LA COUR STATUE que :

1.         Les actes de procédures révèlent une cause d’action valable.

2.         Il existe un groupe identifiable formé d’au moins deux personnes et il n’existe aucun litige entre les personnes inscrites au recours collectif qui nécessiterait leur récusation.

3.         Il existe des points communs, dont le règlement fera progresser les réclamations de tous les membres du groupe. Les points communs prédominent sur ceux qui ne concernent qu’un membre.
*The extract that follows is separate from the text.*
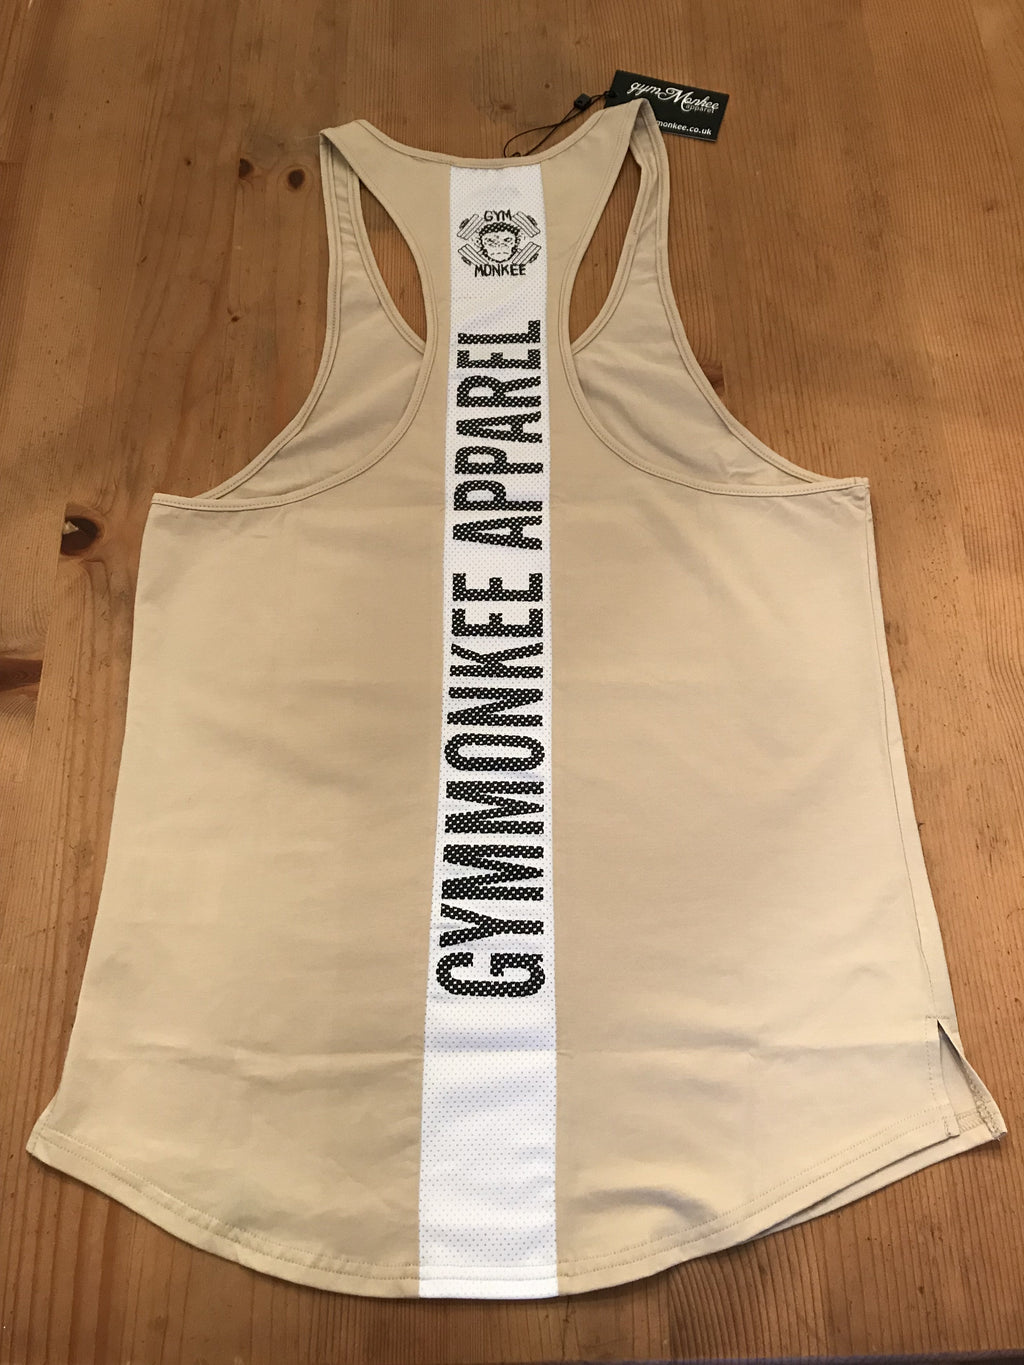 Gym Monkee - Beige Stealth Vest REVERSE
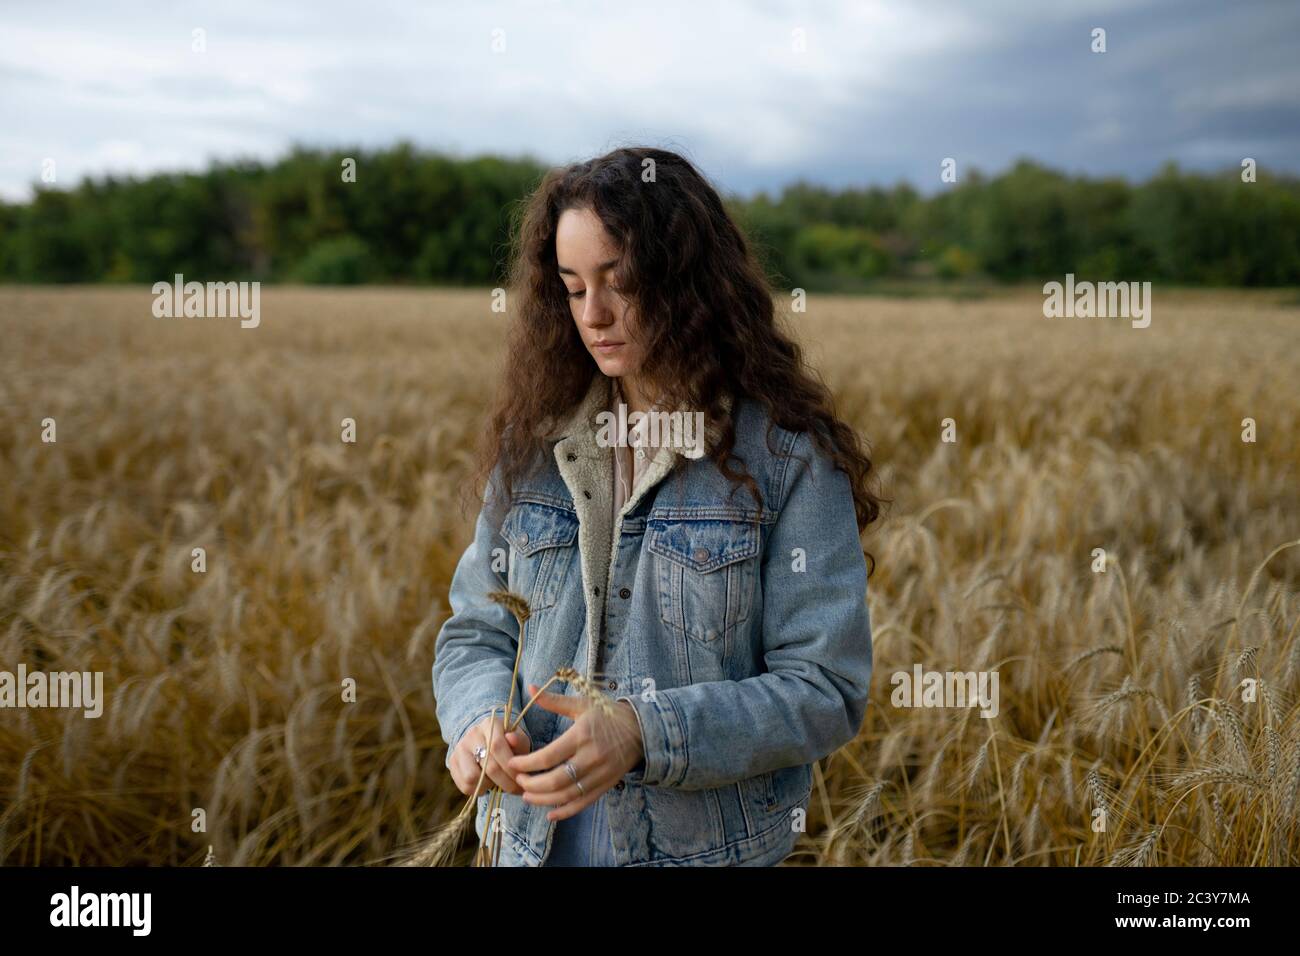 Russie, Omsk, jeune femme debout dans le champ de blé et tenant du blé Banque D'Images

4.         Le recours collectif est le meilleur moyen de régler, de façon juste et efficace, les points de droit ou de fait communs.

5.         M. Paradis, M. Gibeau et M. Lockhart sont des représentants demandeurs appropriés.

6.         La requête en autorisation de la présente action en tant que recours collectif est accueillie, à condition que les demandeurs présentent un plan de litige mis à jour dans les 14 jours suivant la date du présent jugement.

7.         Les neuf points communs proposés par les demandeurs sont autorisés en tant que points communs.

8.         Aucuns dépens ne sont adjugés au regard de cette requête.